Chi appartiene a questa nicchia vive i consumi con maggiore leggerezza: anche se rientra formalmente nella classe media, sa di poter contare su patrimoni futuri.
Dall’altro lato, però, la maggior parte dei Millennials e della Gen Z non ha questa sicurezza. Affronta lavori mal pagati, redditi incerti e una crescente propensione all’indebitamento.
Queste prospettive modeste generano crisi di ambizione:
- l’istruzione universitaria non garantisce più un miglioramento reale
- l’idea di “fare carriera” perde fascino
- si preferiscono percorsi di vita più intimi, personali, orientati al “carpe diem”.
Consumi polarizzati: solo lusso o low cost
Il risultato è un comportamento di spesa completamente riorganizzato. Anche chi ha risorse limitate acquista prodotti un tempo riservati all’alta gamma. E viceversa, consumatori ricchi frequentano discount e cercano affari.
Il vecchio “value for money” non basta più. L’economia si polarizza:
- verso l’alto, con lusso e premium
- verso il basso, con sconti, second hand, low cost.
Il mercato ne è la prova:
- il lusso cresce grazie ai consumatori giovani, che aspirano a uno storytelling di esclusività;
- catene discount come Aldi e Lidl si espandono;
- i marchi medi come Gap chiudono negozi e rischiano la scomparsa.
Se non sei premium o non sei un posto dove fare affari, oggi sei invisibile.
Perché i brand medi non funzionano più
I marchi medi non riescono a esprimere un’identità chiara. Non sono abbastanza aspirazionali per il pubblico “alto”, né abbastanza convenienti per chi cerca risparmio.
Sui social — TikTok in primis — vincono due narrazioni opposte:
- prodotti di alta gamma, sinonimo di status
- versioni low cost degli stessi prodotti, celebrate come “hack” o “dupe”.
Il medio non ispira, non è raccontabile, non genera community.
Le strategie per sopravvivere: salire di fascia o scendere
Per sopravvivere, i brand devono scegliere in che direzione muoversi.

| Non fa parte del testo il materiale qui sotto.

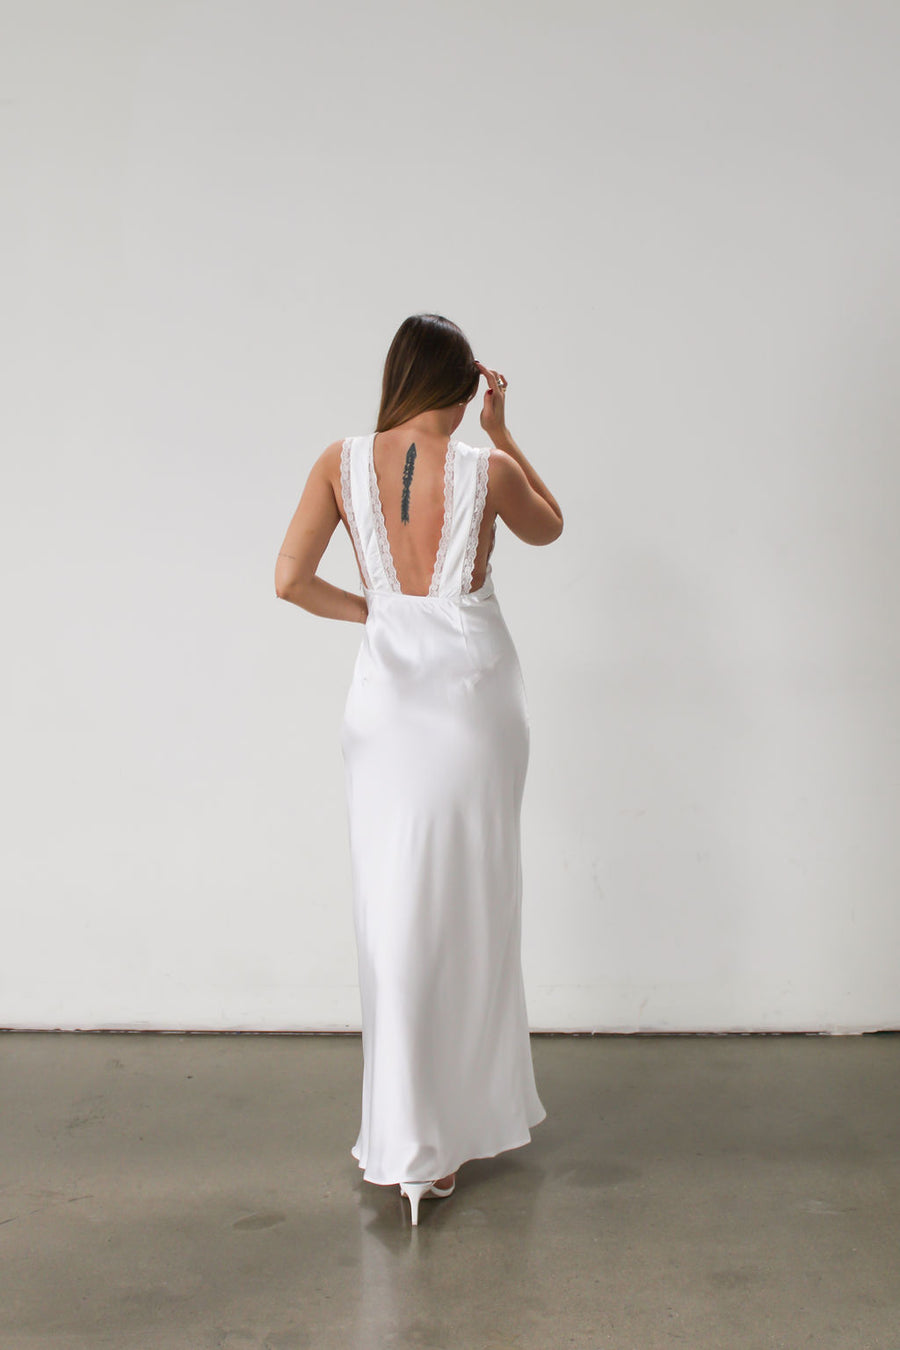 The Main Event Maxi Dress - ONLINE EXCLUSIVE
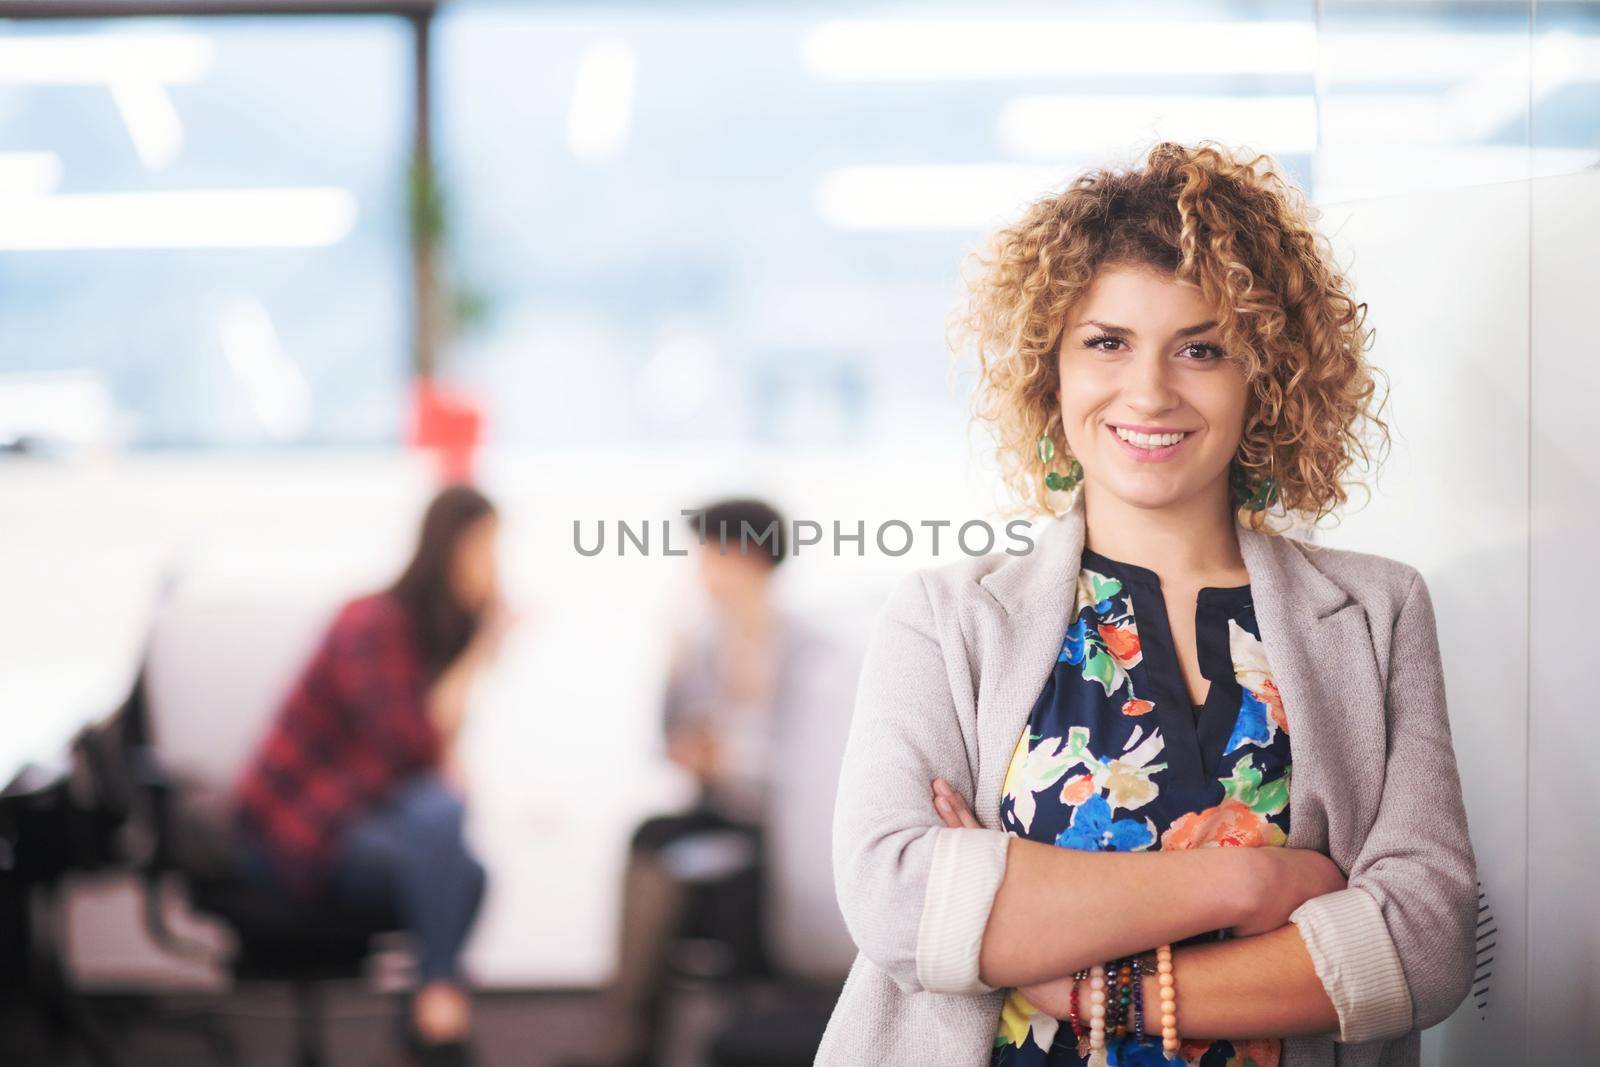 Portrait of successful female software developer with a curly hairstyle at modern startup office

Due vie:
- Salire verso il premium, puntando su qualità, storytelling, identità forte.
- Esempio: Toyota → Lexus,
Amazon → Prime.
- Scendere verso il low cost, lavorando su efficienza, praticità, semplicità.
In entrambi i casi serve creare community solide, capaci di rendere il brand aspirazionale o, al contrario, indispensabile.
I casi che fanno scuola: da Ikea a Uniqlo
Alcune aziende sono riuscite a reinterpretare la “terra di mezzo”:
- Ikea ha trasformato semplicità e prezzi accessibili in uno stile di vita globale.
- Uniqlo, pur restando “medio”, si distingue con qualità, timeless design e un’identità chiara e riconoscibile.
Non tutti i brand medi sono destinati a sparire: ma chi rimane deve ridefinire radicalmente la propria value proposition.
La vecchia classe media è un segmento che non esiste più, né dal punto di vista sociale né da quello economico. Con essa scompare anche un intero modo di produrre, distribuire e consumare. Oggi il mercato si muove ai due estremi. E le aziende, per sopravvivere, devono accettare questa nuova realtà: non esistono più prodotti “per tutti”, ma solo identità forti, comunità chiare e posizionamenti netti.